Oh, Love is the crooked thing, there is nobody wise enough to find out all that is in it, for he will be thinking about love til the stars run away and the shadows eaten the moon.
Where the world ends
The mind is made unchanging, for it finds
Miracle, ecstasy, the impossible hope,
The flagstone under all, the fire of fires,
The roots of the world.
He only can create the greatest imaginable beauty who has endured all imaginable pangs, for only when we have seen and foreseen what we dread shall we be rewarded by that dazzling unforeseen wing-footed wanderer.
Words are always getting conventionalized to some secondary meaning. It is one of the works of poetry to take the truants in custody and bring them back to their right senses.
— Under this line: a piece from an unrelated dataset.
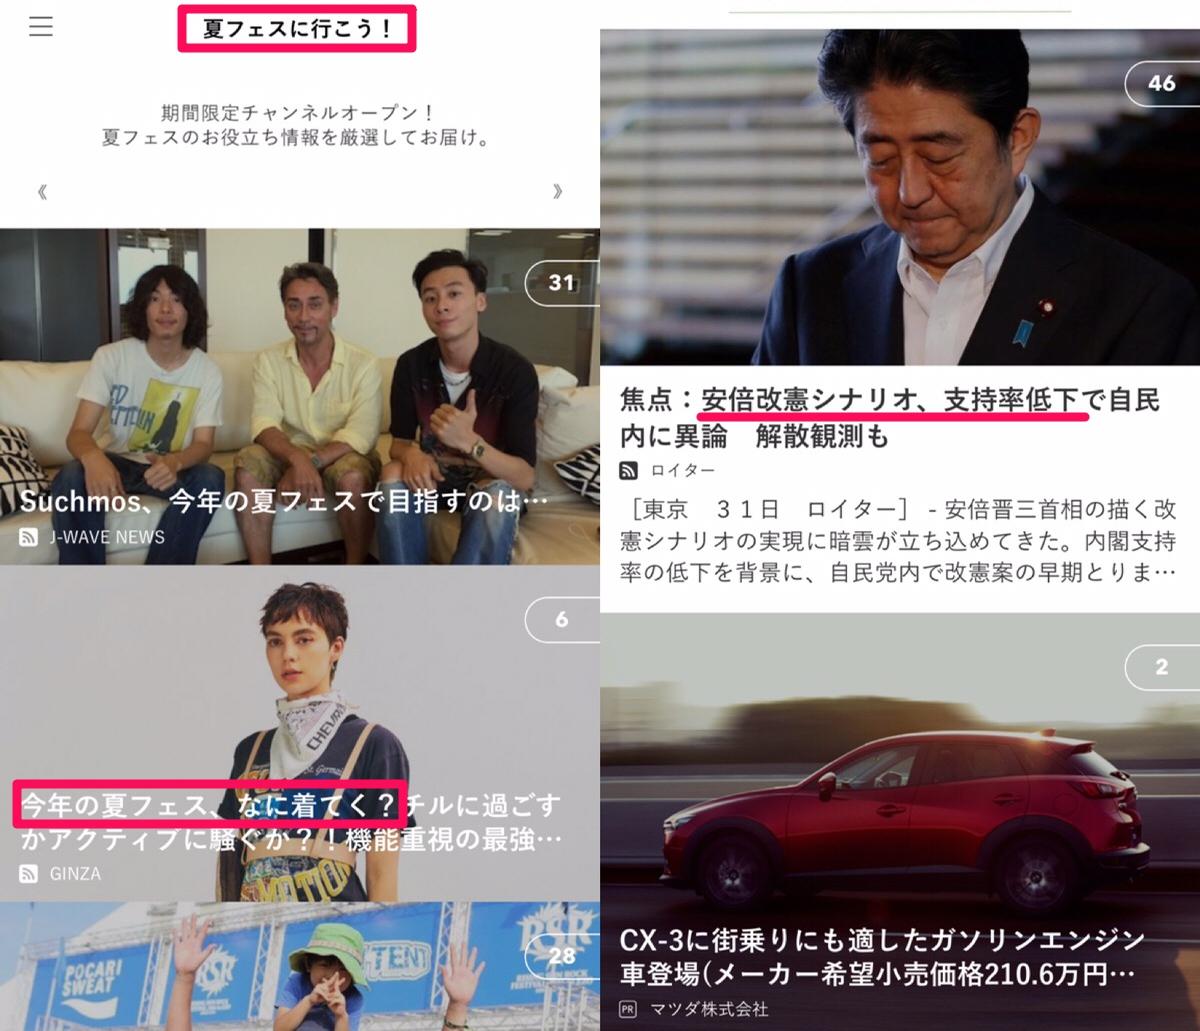 時事ネタや夏フェス情報もGET【antenna(アンテナ)】

Cats are oppressed, dogs terrify them, landladies starve them, boys stone them, everybody speaks of them with contempt. If they were human beings we could talk of their oppressors with a studied violence, add our strength to theirs, even organize the oppressed and like good politicians sell our charity for power.
You ask what I have found and far and wide I go,
Nothing but Cromwell's house and Cromwell's murderous crew,
The lovers and the dancers are beaten into the clay,
And the tall men and the swordsmen and the horsemen where are they?
I had still the ambition, formed in Sligo in my teens, of living in imitation of Thoreau on Innisfree, a little island in Lough Gill, and when walking through Fleet Street very homesick I heard a little tinkle of water and saw a fountain in a shop window which balanced a little ball upon its jet, and began to remember lake water. From the sudden remembrance came my poem Innisfree.